The governance of adaptation to climate change

The project Go-Adapt focused on the governance of climate change adaptation, i.e. on the ways in which adaptation policies and instruments are developed and implemented by governments in selected developed countries at different levels.

 

 

 

 

 

 

Why is this governance perspective important? Adaptation to climate change is understood as “adjustment in natural or human systems in response to actual or expected climatic changes or their effects, which moderates harm or exploits beneficial opportunities” (IPCC 2001; IPCC 2007; see also OECD 2008, 1).
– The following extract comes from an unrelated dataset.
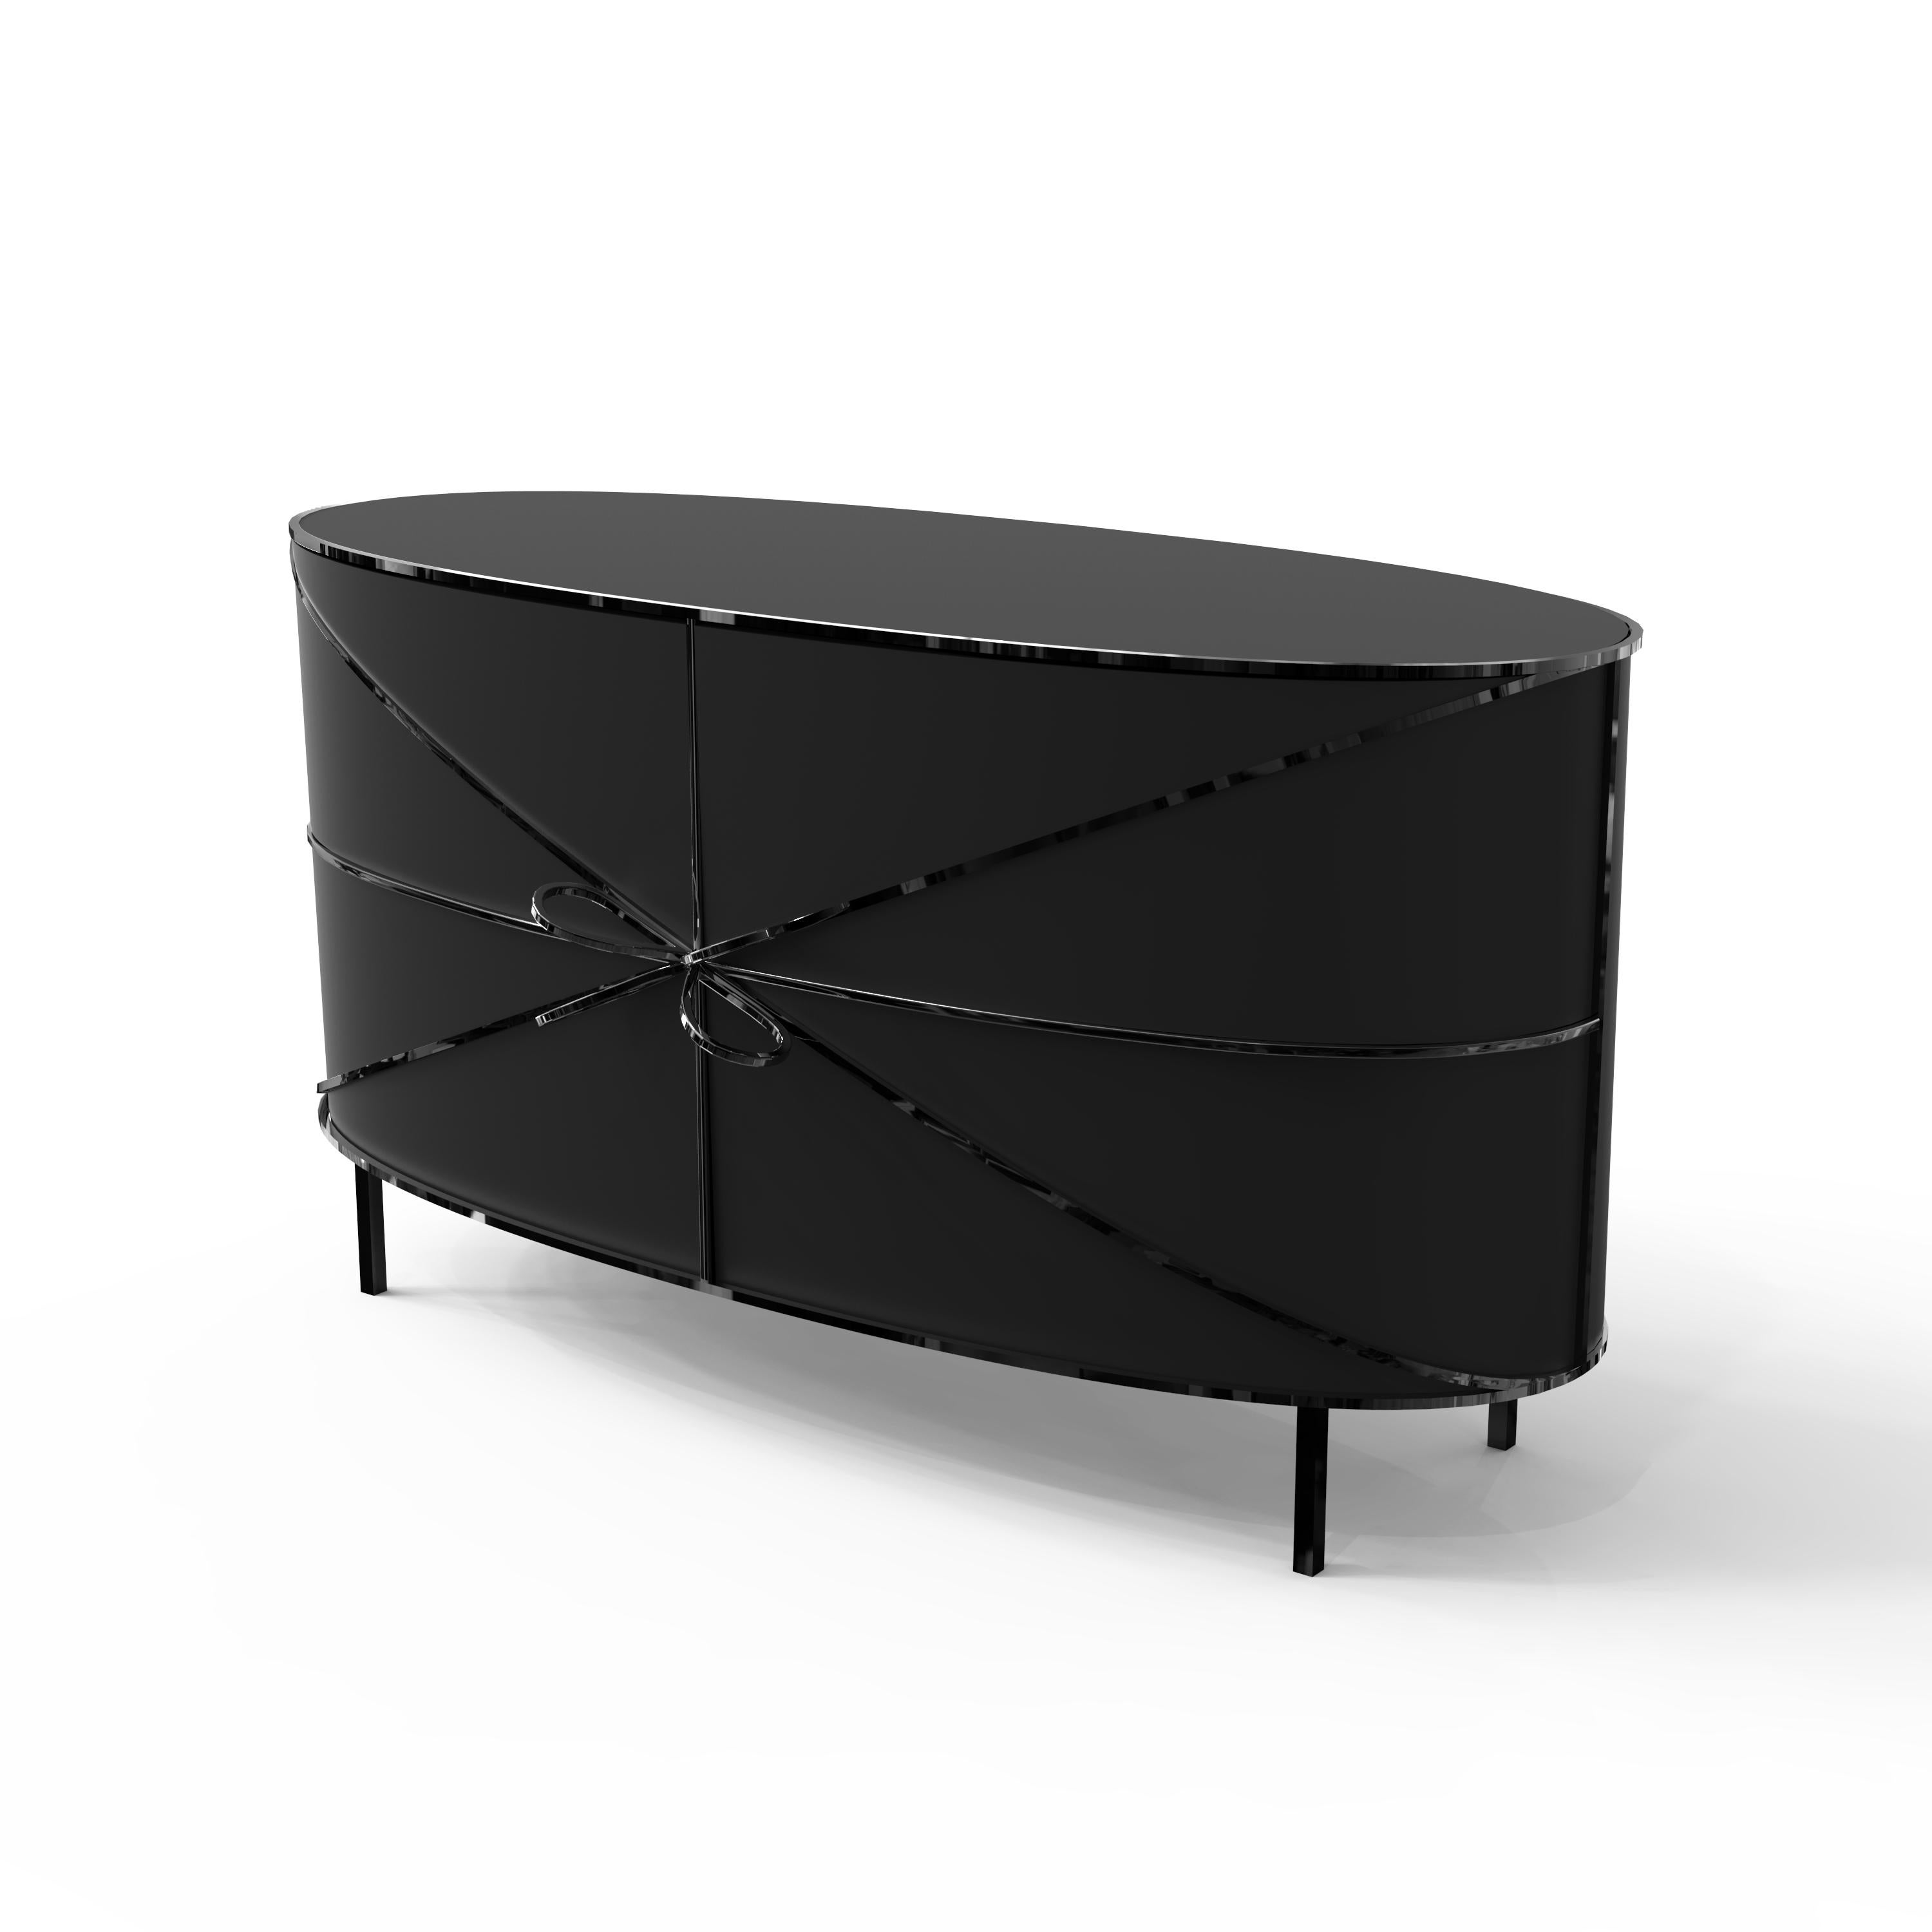 88 Secrets Black Sideboard de Nika Zupanc est un meuble élégant aux lignes sensuelles et féminines avec de luxueuses garnitures en métal noir. Une pièce maîtresse dans tout espace intérieur !

Nika Zupanc, designer slovène de renom, n'hésite jamais

Public policies on adaptation are supposed to either build adaptive capacities thereby increasing the ability of various actors to adapt to climate change, or to improve adaptation directly by putting capacities into action (Nelson et al. 2007; Adger et al. 2005).

 

 

 

 

By focusing on interesting practices of ‘how to do it’, Go-Adapt helps to develop and implement adaptation policies that are concerned with the ‘what to do’. So far, however, “[t]he governance framework of adaptation is still largely in the making” (Paavola 2008, 652) and little is known about the governance of adaptation policies because this issue has largely been neglected (IPCC 2007, 19f; Schipper & Burton 2008). Consequently, there is a lot to learn through governance research. Not paying attention to the challenge of how to deliver adaptation policies through adequate governance arrangements any longer would inevitably hamper adaptation efforts. In this sense, “institutional requirements for adaptation” are also acknowledged as important in facilitating adaptation to climate change in the latest IPCC report from 2007 (Adger et al. 2007, 731; Klein et al. 2007, 747).